Al gordo ditero le vino una congestión; bufando por las narices como los bueyes
del Llorente, quiso volverse y darle plomo al Venancio, tal me pareció el brillo
de sus ojos, con tan mala fortuna que la hebilla del cinturón que le sujetaba la
enorme tripa, se enganchó en el cesto de la cosaria de Alhambra, desparramándole
el artículo. Dos pollos blancos, tomateros, que llevaba trabados de las patas con
un cordel, se desataron y echaron a volar, picando y pelechando plumas de aquí
allá como demonios y aquello fue el acabose.
Para colmo, en medio de todo aquel disparate, se oyó nítido el aviso de un bracero.

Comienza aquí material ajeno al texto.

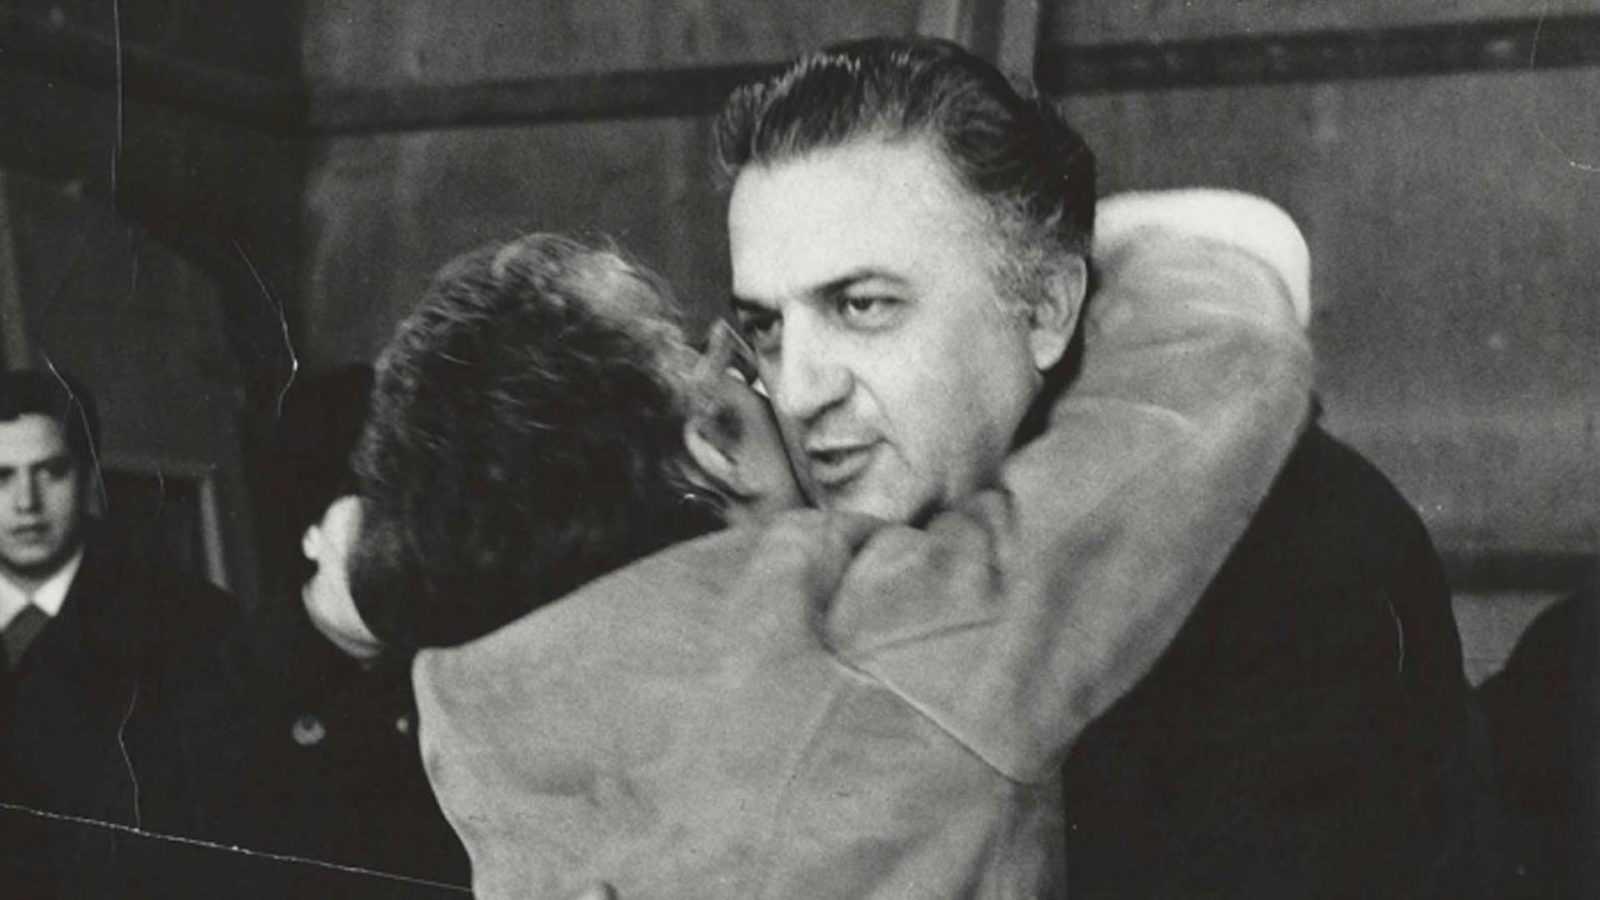 Federico Fellini e Lina Wertmuller abbracciati

--Anda, la madre que me parió, ahí dentro va un tío con una pistola.
--Leñe, es verdad, la lleva un gordinflón...
--Un gordinflón forastero...
--Que te apunta, Josato...

Aquello fue el acabóse...al Venancio y a sus peones no se les volvió a ver el lomo,
soltar las mantas y echar a correr que se las pelaban fue todo uno, sólo el
Melchorillo, el sordomudo de la calle la Retuerta, siguió donde mismo, con los
hocicos pegados a los cristales. Entonces, en ese justo momento, todo se precipitó
que ni las lluvias.

Andrés el de Resti, el de Carrizosa que iba a mi lado en el asiento contiguo,


aprovechó la confusión para zamparle un puñetazo al gordo en los riñones que lo
hizo rodar como un melón por el pasillo. El arma se disparó, y la bala, silbando
como un chorlito, fue a clavarse milagrosamente en un hato de pieles de conejo que
llevaba a curtir a Valdepeñas uno que le decían el “Hurón”, justo cuando por su
sitio, alumbrando las crestas de Despeñaperros y la provincia de Jaén, salía el
sol, ahora sí era el sol, un sol tibio, anaranjado que amanecía despacio asomando
apenas la coronilla.

Aquel día, el día en que se murió Franco, el trigo de invierno ahijaba, y yo,
Juanico Chaparro Granero no pude mirarme la vista porque la “Pava” no llegó a
Valdepeñas; se quedó a la mitad, en Villanueva de los Infantes, el pueblo de las
tres mentiras, aparcado frente al cuartelillo de la Guardia Civil.Cuando a la tarde
llegué al pueblo de vuelta, después de las interrogaciones que nos hizo el cabo y
de un bocadillo con chorizo que apañó el Cándido por cuenta de la empresa, madre,
que por estar con achaques en la cama no se había enterado aún de lo ocurrido, me
preguntó inquieta, como lo haría cualquier madre:
--¿Y qué te dijo de las nubes el especialista, Juanico?
Y por no agravarla con el cuento, le torcí:
--Fui en balde, madre, se murió Franco...
--¡Ay hijo! Que desgracia tan grande...
--Bueno, ya era mayor.
-- No, si lo digo por tus ojos...otro año y medio esperando...

Autor: Carlos Blanco Cabrera (Carlos, el de la Caja Ronda)

Éste relato fue el ganador del Concurso Nacional de Relatos del año 1984,
organizado por la Cadena de Radios Nacionales.